# Huffman Coding

## Introduction

Huffman coding is a simple method of data compression. In data compression we want to represent some information in the smallest memory space possible. There are two main types of compression:

• Lossy: some data is lost in the process (.jpg, .mp3, etc.)
• Lossless: no data is lost in the process (.png, .flac, .zip etc.)

Huffman coding uses lossless compression.

We will use the following terms when discussing encoding:

• Symbol

A symbol is a representation of a single piece of information.

• Code

A code is the set of possible symbols.

• Sentence

A sentence is a sequence of symbols representing some message.

For example, if we have the code:


{3, 7, 14, 18, 29, 35, 42, 56}

Then the following are sentences:

7, 42, 3, 35, 56, 3
42, 7
3, 3, 3, 35


## Prefix Codes

A prefix code is a set of words with the prefix property. This states that for each word in the code, no valid word is the prefix for another.


{4, 5, 34, 37, 95}

Is a prefix code because none of the words are the prefix of another. However:

{4, 5, 54, 37, 95}


Is not a prefix code because "5" is the prefix of another word "54".

The benefit of a prefix code, is that, given the code, we can identify the individual words without breaks:


Code: {4, 5, 34, 37, 95}
Sentence: 45349553745


What are the symbols in this sentence?

For compressing data, this means we don't have to include separators in the output.

## General Idea

The idea behind Huffman coding is that certain pieces of information in the input are more likely to appear than others. We will give these common symbols shorter codes to conserve space.

For simplicity, we will consider lower-case letters as our words. In English, for example, some letters are much more likely to appear.

This is true for most types of data, allowing for compact representations.

## Binary Tree Representation

A Huffman code works by creating a tree to store the possible symbols.

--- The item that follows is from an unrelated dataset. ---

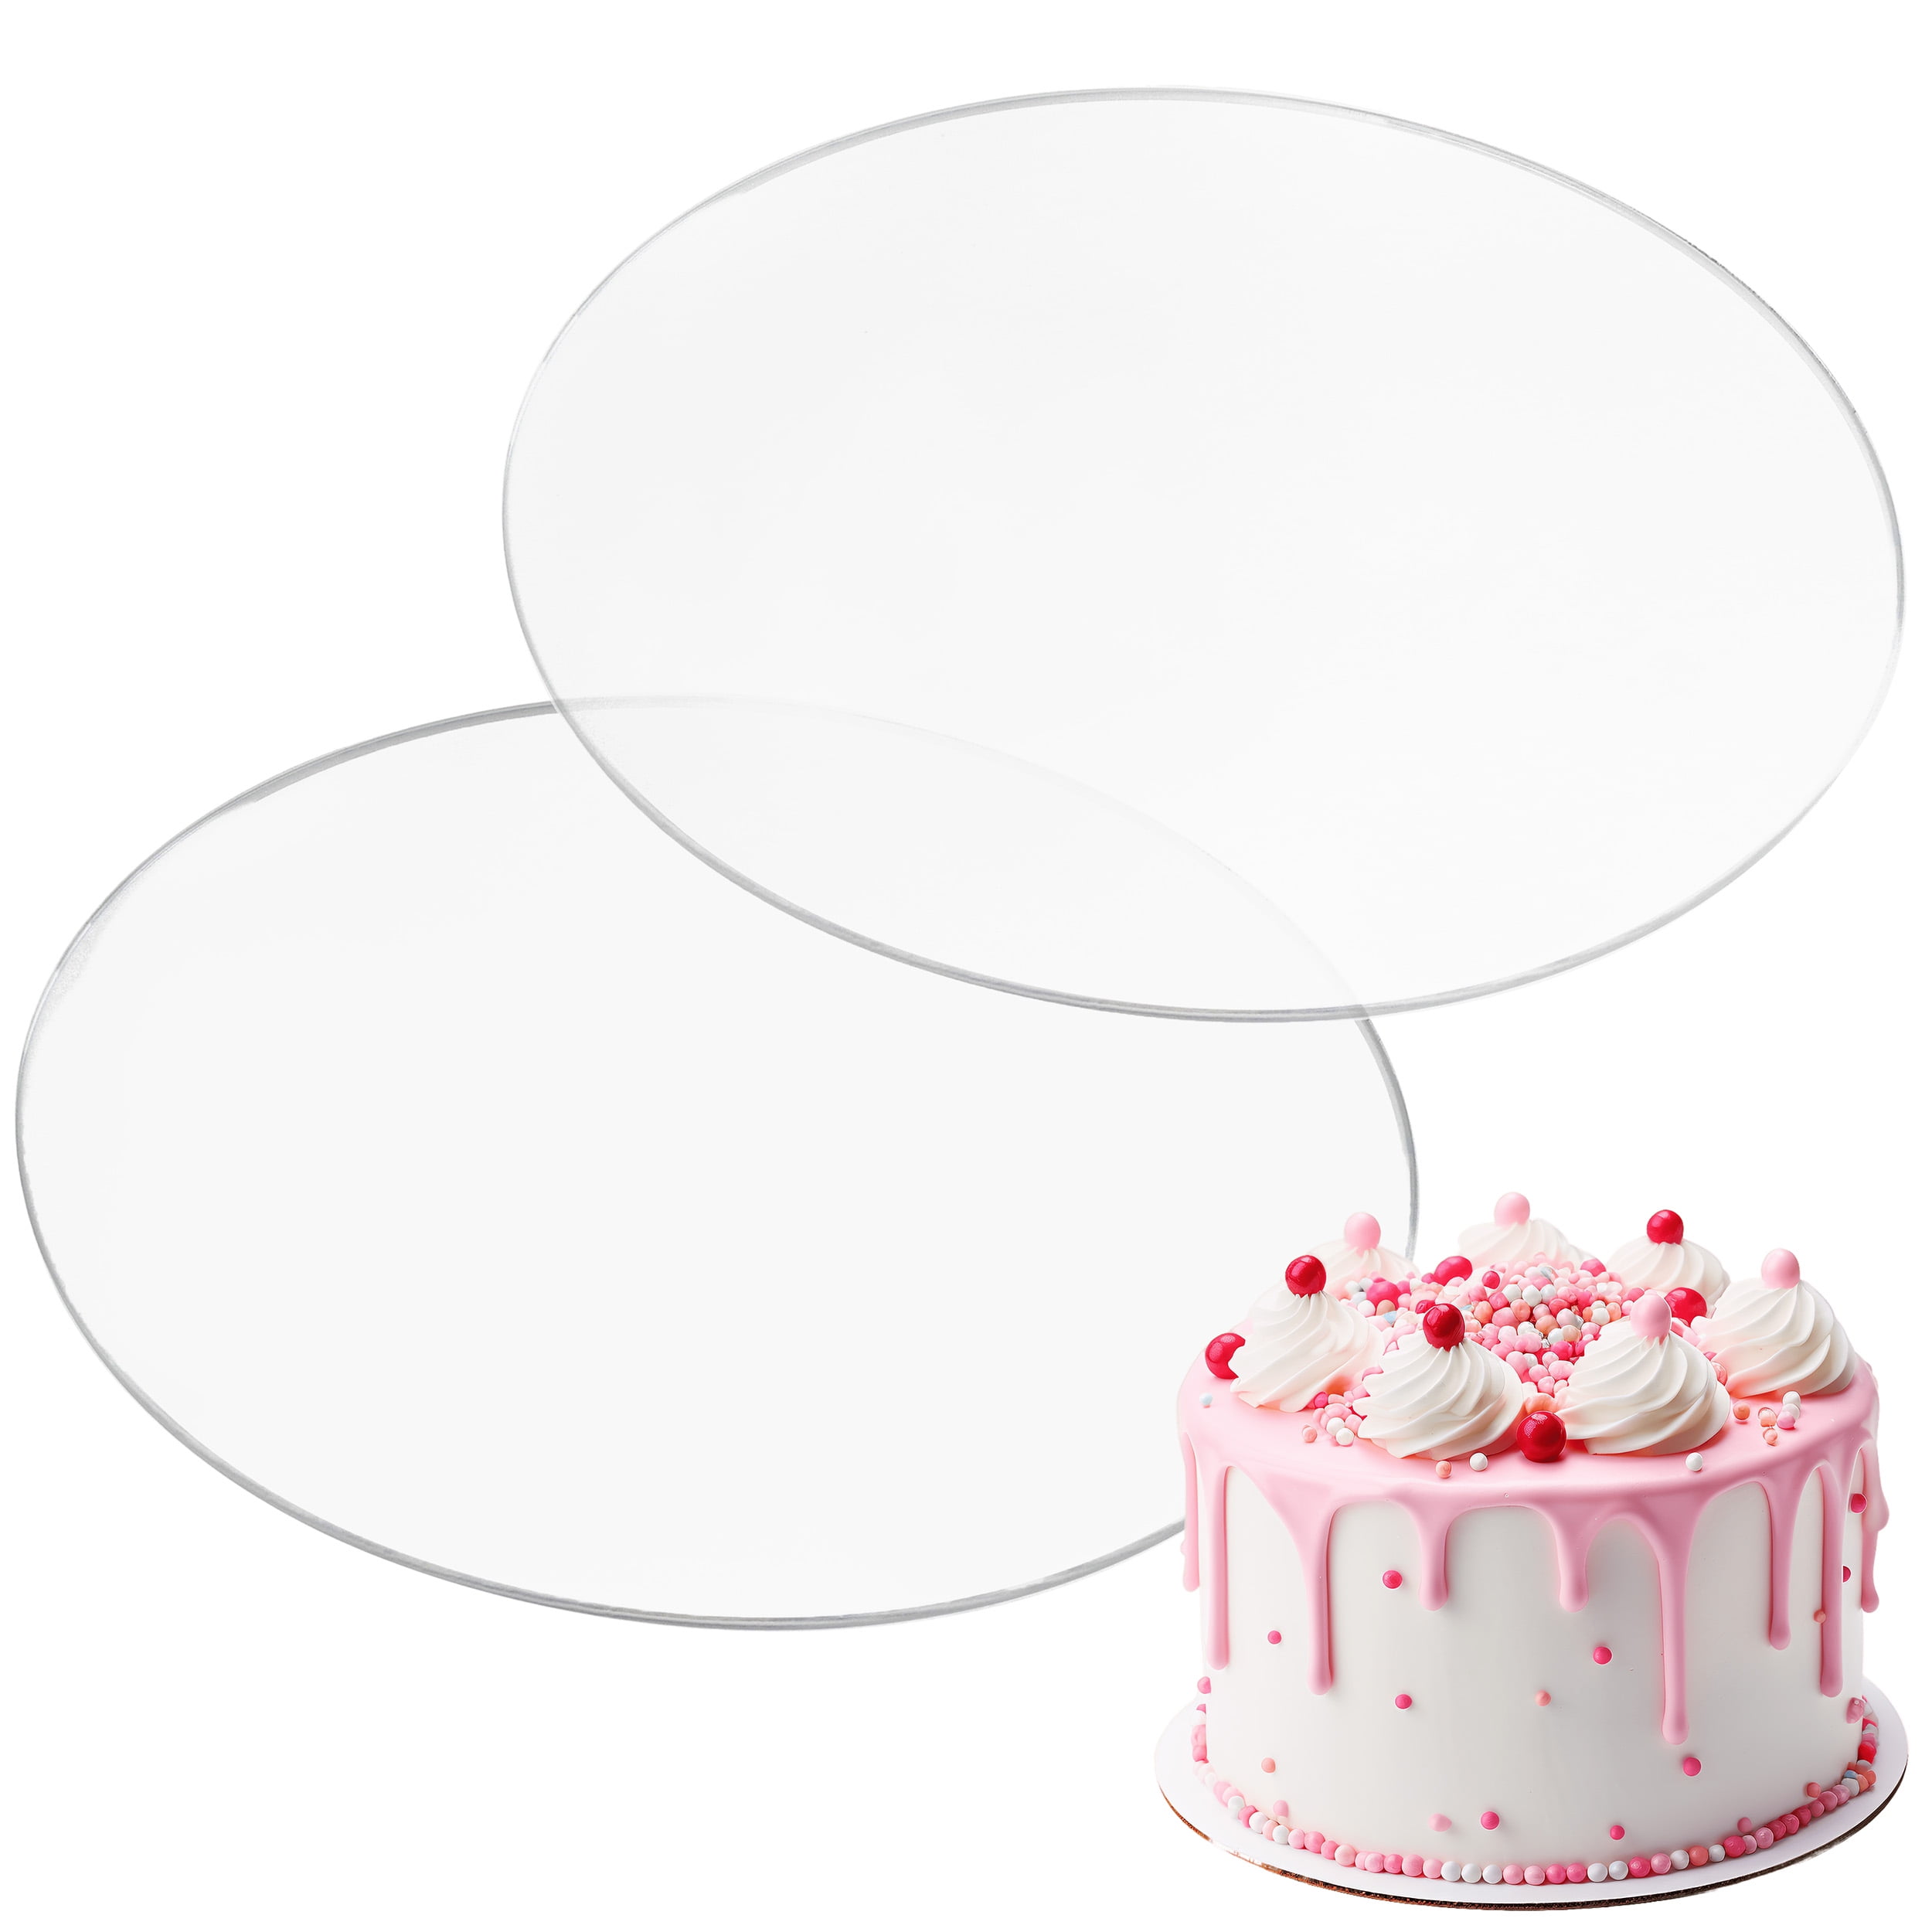 CAKESAFE Essential Cake Decorating Acrylic Disk Kit - 3 Sets - Round 6.0,  8.0, 10.0 Disk Sets (2 disks per size), 2-8 Icing Scrapers with 1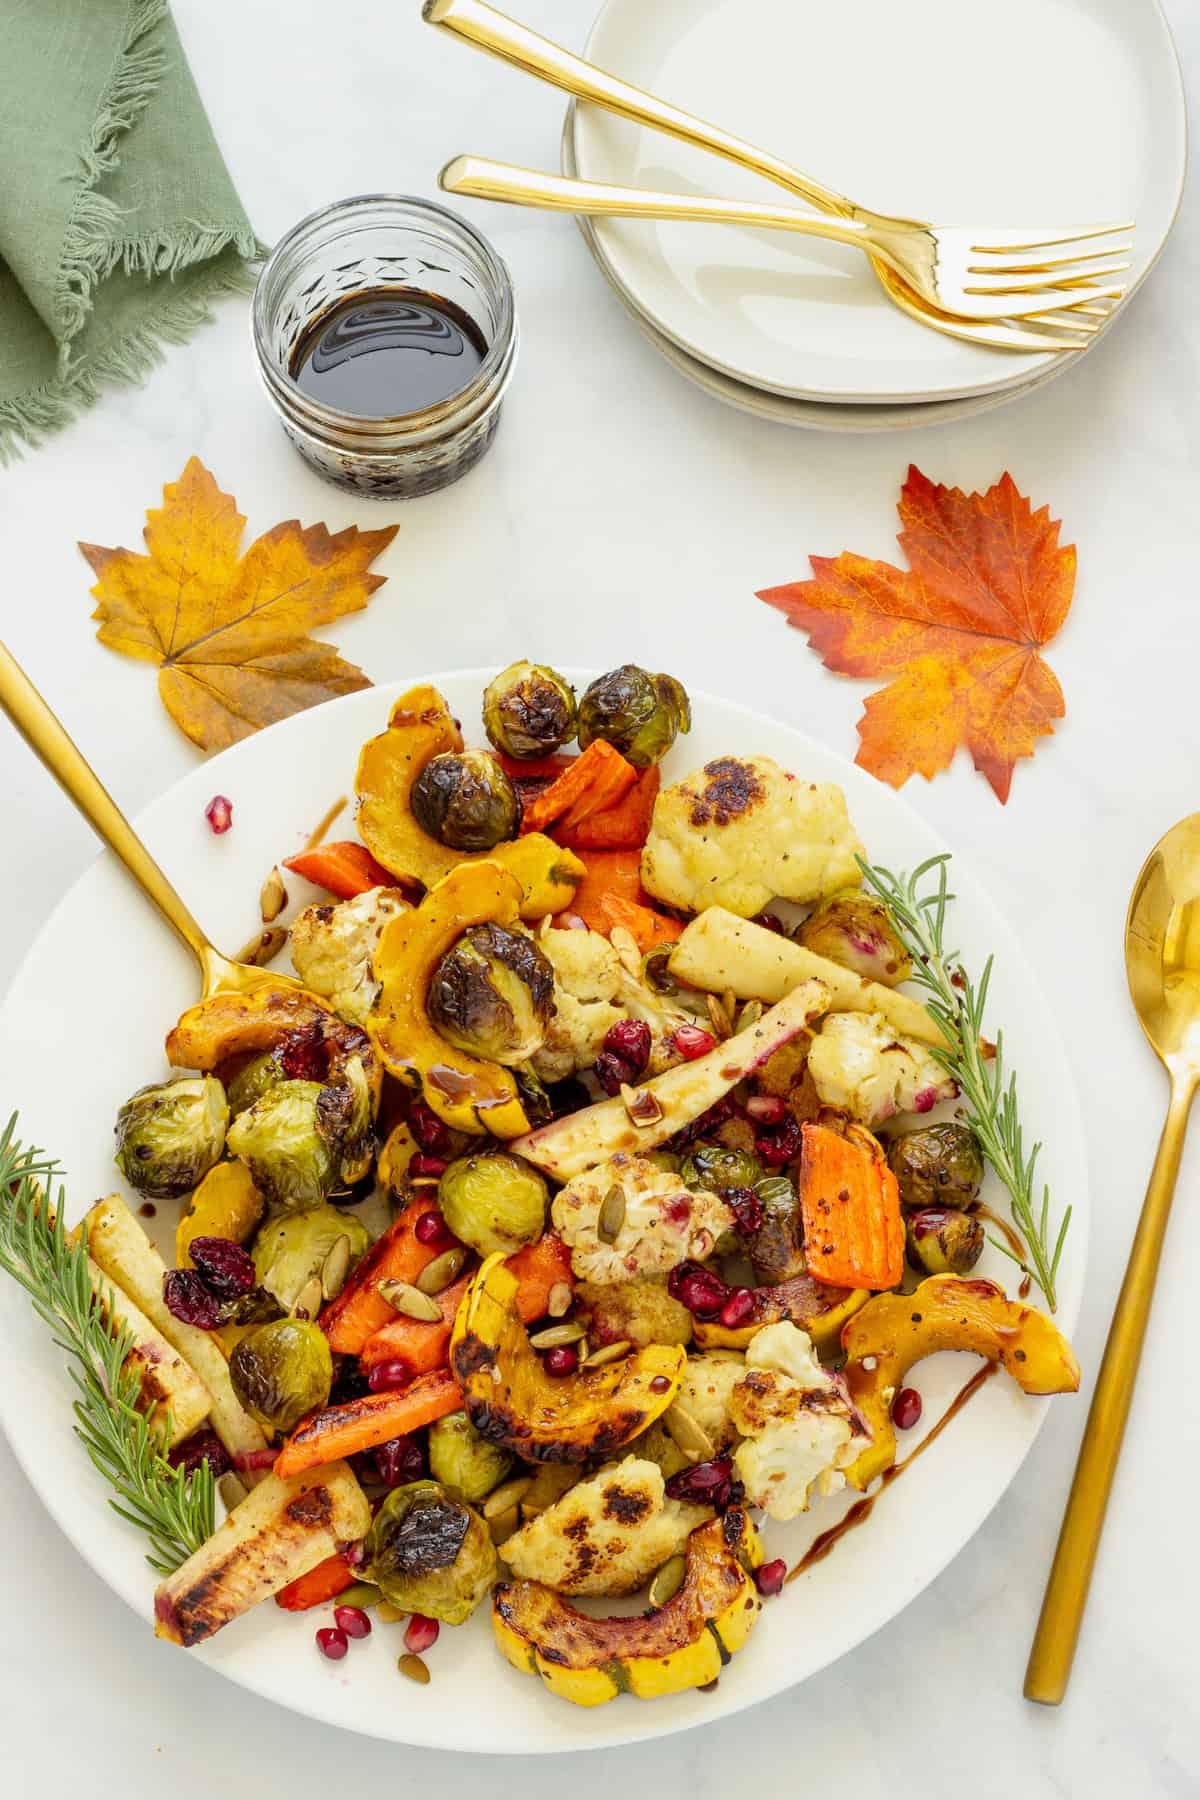 A white platter of roasted fall vegetables with a small jar of balsamic glaze. Fall leaves, serving spoons, forks, and plates are in the background.

The code used for each symbol is the path from the root to that symbol. For the text:


this is a test

We have the symbols:

{t, h, i, s, a, e}

Then we find the frequency of each:

{t:3, h:1, i:2, s:3, a:1, e:1}


Now we will and create nodes for each symbol:

## Building The Tree

Next, we will construct the tree by repeatedly joining the nodes with the smallest weights until it is a full tree. When there is a tie, it doesn't matter which weights we pick.

The weight of the new node is that of the sum of the children.

By continuing on:

To implement this, we need to keep track of the nodes that we can link and choose the smallest weight each time. This is best done with a priority queue (heap)!

• Create a priority queue of nodes such that they are ordered by smallest probability.
• Create a leaf node for each input symbol, and add it to the queue.
• While there is more than one node in the queue:
• Remove the two next nodes from the queue.
• Create a node linking these two as children, with probability of the two children summed.
• Add this node to the queue.
• The one node in the queue is now the root of the complete tree with probability = 1.0

What is the Big-O of this algorithm?

## Finding the Code Words

Now that we have the Huffman tree, the code for each symbol is given by the position in the tree from the root:
• Following the left branch is a "0".
• Following the right branch is a "1".

This gives us the code:

 Symbol Code t 00 h 010 i 011 s 10 a 110 e 111
Observations:
• This is a prefix code, meaning we don't need to separate words even though it's variable length.
• The two-bit symbols are 't' and 's' the most common, saving space.

In order to find the code for a letter, we need to traverse the tree looking for the letter, keeping track of which path we take.

For efficiency, it's best to find the codes for each letter first, and save them. This can be done recursively:

• Starting at a given node, with a partial code P:
• If this is a letter, save P as the code for this letter and return.
• Recurse to the left with P + "0".
• Recurse to the right with P + "1".

## Compressing Text

To compress text, we simply have to substitute the letter we want with the code it maps to:


t    h     i     s    i     s    a     t    e     s    t
00   010   011   10   011   10   110   00   111   10   00


This seems like it takes more room until you remember characters are usually stored in 8-bit ASCII. With this Huffman code, we can store each letter with 2 or three characters.

Ignoring spaces, we cut the text from 88 bits down to 27 bits.

## Example

Huffman.java implements Huffman coding for all lowercase letters. The relative probability of the letters are used to compress English text. This file uses a min heap based on our priority queue class from last class. That file is available as MinHeap.java.

The program uses the algorithms presented above to produce the tree, and find the code for each letter.

It then reads in a file of lower-case letters and writes an output file giving the compressed version.

## Conclusion

A more complete text compression program would also handle:
• Upper-case letters.
• Spaces.
• Symbols & numbers.
• Decompression.

Often, Huffman trees are geared towards a particular type of data where we use all we know about the data to build the tree. This algorithm is often used as the basis for more complex compressions such as jpeg and mp3.